In my last article I shared multiple commands and methods to check if the node is connected to internet with shell script in Linux and Unix, Now in this article I will show some sample shell scripts to remove duplicate files.
Script 1: Find duplicate files using shell script
The script template is taken from bash cookbook. I have modified the script to prompt the user before removing any duplicate file. This can help decide the user as which file out of the duplicates he/she wishes to delete. For example /etc/hosts
and /etc/hosts.bak
are same file so the script will fail to understand which file is important and it may delete /etc/hosts
considering it as duplicate.
Below is the sample script to remove duplicate files with a prompt before deleting the file:
#!/bin/bash
# Find duplicate files using shell script
# Remove duplicate files interactively
TMP_FILE=$(mktemp /tmp/temp_file.XXX)
DUP_FILE=$(mktemp /tmp/dup_file.XXX)
function add_file() {
# Store the hash of the file if not already added
echo "$1" "$2" >> $TMP_FILE
}
function red () {
# print colored output
/bin/echo -e "\e[01;31m$1\e[0m" 1>&2
}
function del_file() {
# Delete the duplicate file
rm -f "$1" 2>/dev/null
[[ $? == 0 ]] && red "File \"$1\" deleted"
}
function srch_file() {
# Store the filename in this variable
local NEW="$1"
# Before we check hash value of file, make this variable null
local SUM="0"
# If file exists and the temporary file's size is zero
if [ -f $NEW ] && [ ! -s $TMP_FILE ];then
# Print Store the hash value of file. This value will be later stored in RET which is further used to check duplicate file
echo $(sha512sum ${NEW} | awk -F' ' '{print $1}')
# Exit the loop here
return
fi
# If the size of temporary file is non-zero read temporary file line by line in a loop. Each line is stored in ELEMENT variable
while read ELEMENT; do
# Get the hash value of input file
SUM=$(sha512sum ${NEW} | awk -F' ' '{print $1}')

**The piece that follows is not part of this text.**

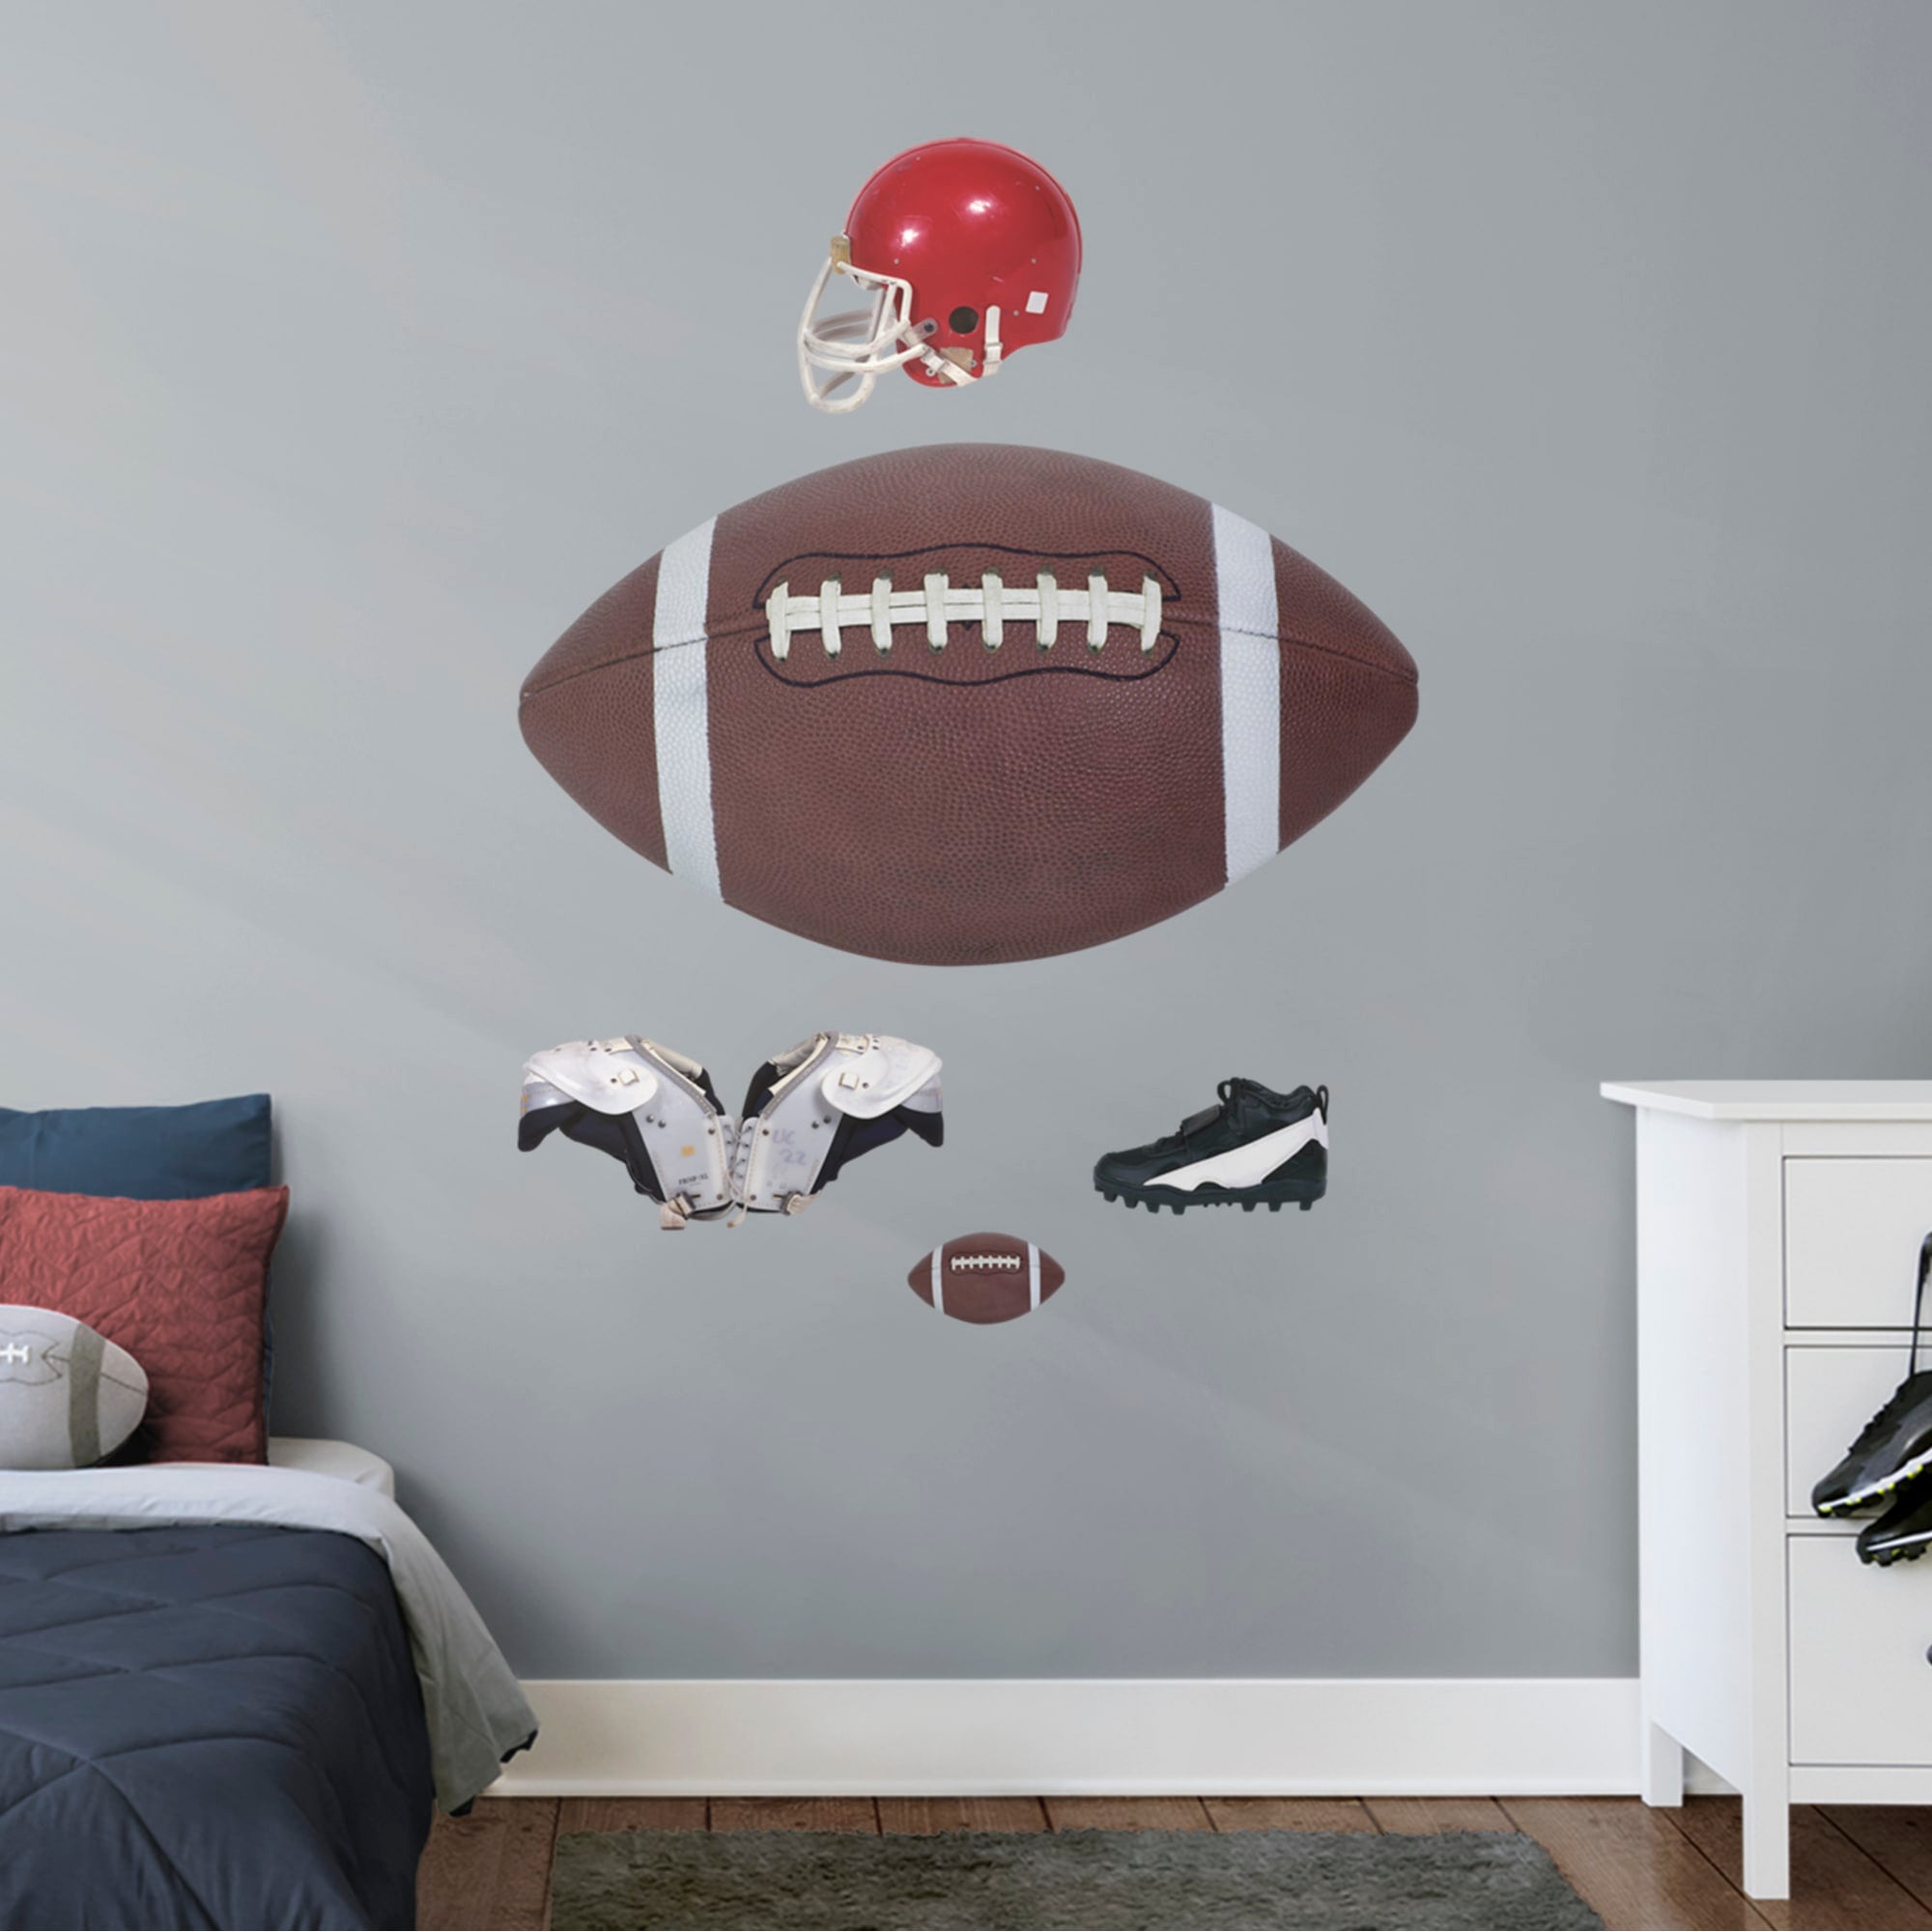 Football: Assorted Graphics - Removable Vinyl Decal 51.0"W x 30.0"H by Fathead

# Get the hash value of file collected from temporary file
ELEMENT_SUM=$(echo $ELEMENT | awk -F' ' '{print $1}')
ELEMENT_FILENAME=$(echo $ELEMENT | awk -F' ' '{print $2}')
# if the hash value is same means we have found a duplicate file
if [ "${SUM}" == "${ELEMENT_SUM}" ];then
echo $ELEMENT_FILENAME > $DUP_FILE
return 1
else
continue
fi
done<$TMP_FILE
# If duplicate file is not found then just print the hash value of the file
echo "${SUM}"
}
function begin_search_and_deduplication {
local DIR_TO_SRCH="$1"
for FILE in `find ${DIR_TO_SRCH} -type f`; do
# this stores the return value from srch_file function
RET=`srch_file ${FILE}`
if [[ "${RET}" == "" ]];then
FILE1=`cat $DUP_FILE`
echo "$FILE1 is a duplicate of $FILE"
while true; do
read -rp "Which file you wish to delete? $FILE1 (or) $FILE: " ANS
if [ $ANS == "$FILE1" ];then
del_file $FILE1
break
elif [ $ANS == "$FILE" ];then
del_file $FILE
break
fi
done
continue
elif [[ "${RET}" == "0" ]];then
continue
elif [[ "${RET}" == "1" ]];then
continue
else
# If the file hash is not found then it's entry is added in temporary file
add_file "${RET}" ${FILE}
continue
fi
done
}
# This will read the user input to collect list of directories to search for duplicate files
echo "Enter directory name to search: "
echo "Press [ENTER] when ready"
echo
read DIR
begin_search_and_deduplication "${DIR}"
# Delete the temporary files once done
rm -f $TMP_FILE
rm -f $DUP_FILE
You can execute the script which will print for the list of directories you wish to check for and remove duplicate files in Linux. I have created few files with duplicate content for the sake of this article.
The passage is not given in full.